A powerful, affordable machine learning infrastructure accelerates innovation in the cloud


MIT Technology Review

Artificial intelligence and machine learning (AI and ML) are key technologies that help companies find new ways to increase their sales, reduce costs, streamline business processes and better understand their customers. AWS helps customers accelerate their AI / ML adoption by providing high-performance compute, high-speed networking, and scalable, high-performance storage options as needed for any machine learning project. This lowers the barrier to entry for companies looking to use the cloud to scale their ML applications.

Developers and data scientists are pushing the boundaries of technology and increasingly relying on deep learning, a type of machine learning based on neural network algorithms. These deep learning models are larger and more sophisticated, increasing the cost of running the underlying infrastructure to train and deploy these models.
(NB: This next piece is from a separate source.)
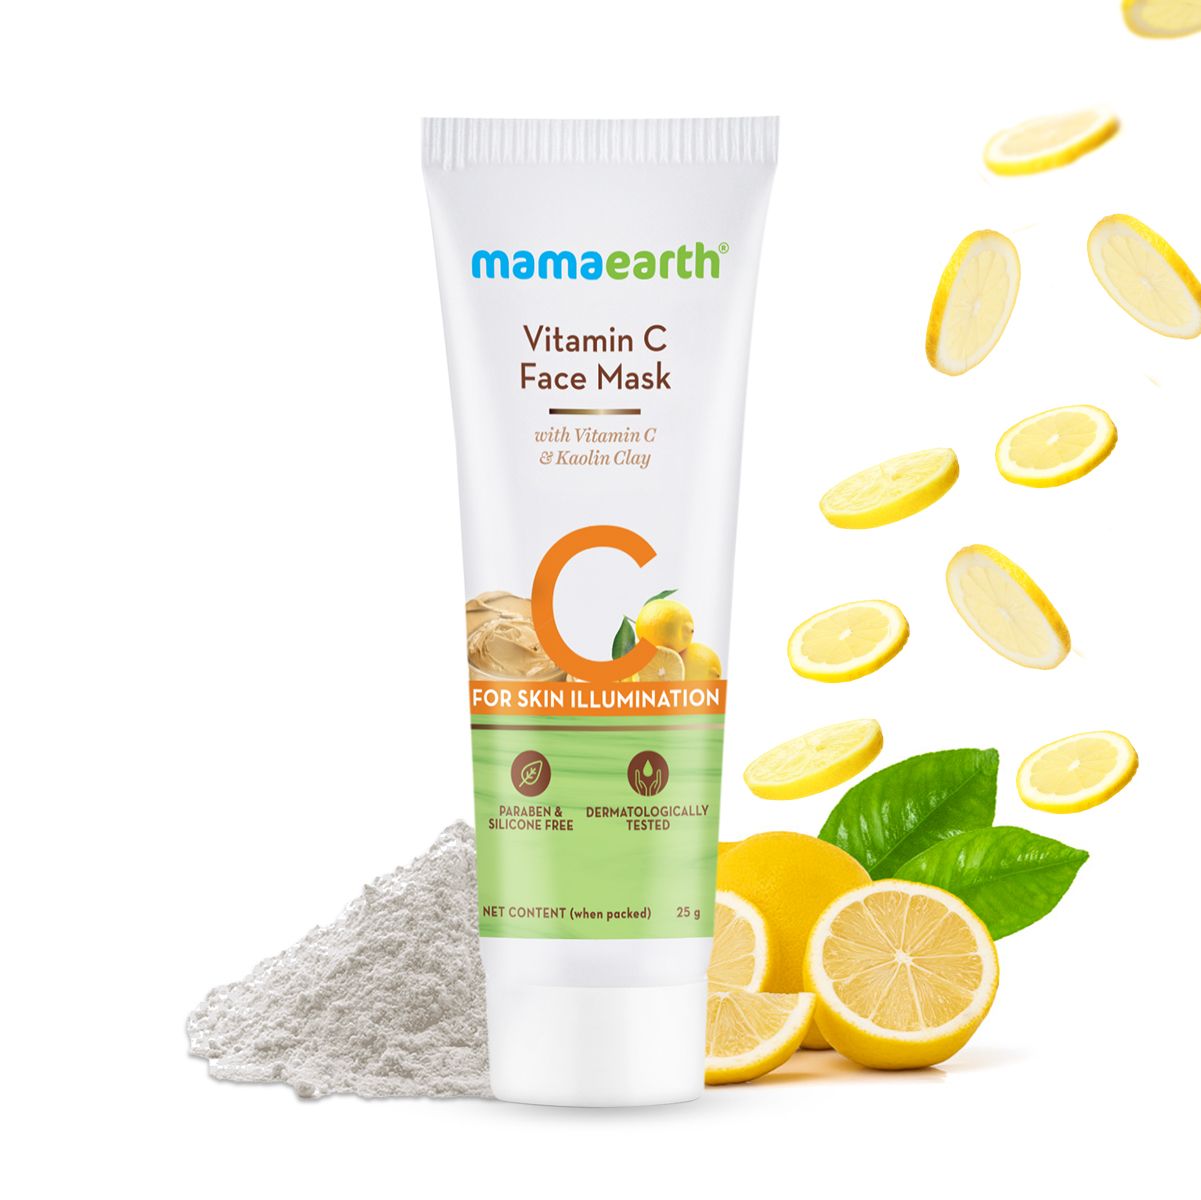 Mamaearth Vitamin C Face Mask Better Than Others Available In The Market?

To enable customers to accelerate their AI / ML transformation, AWS builds powerful and affordable machine learning chips. AWS Inferentia is the first machine learning chip designed by AWS from the ground up for the most cost-effective machine learning inference in the cloud. In fact, Inferentia’s Amazon EC2 Inf1 instances offer 2.3 times the performance and cost of machine learning inference up to 70% lower than the current generation of GPU-based EC2 instances. AWS Trainium is the second machine learning chip from AWS specially developed for training deep learning models and will be available in late 2021.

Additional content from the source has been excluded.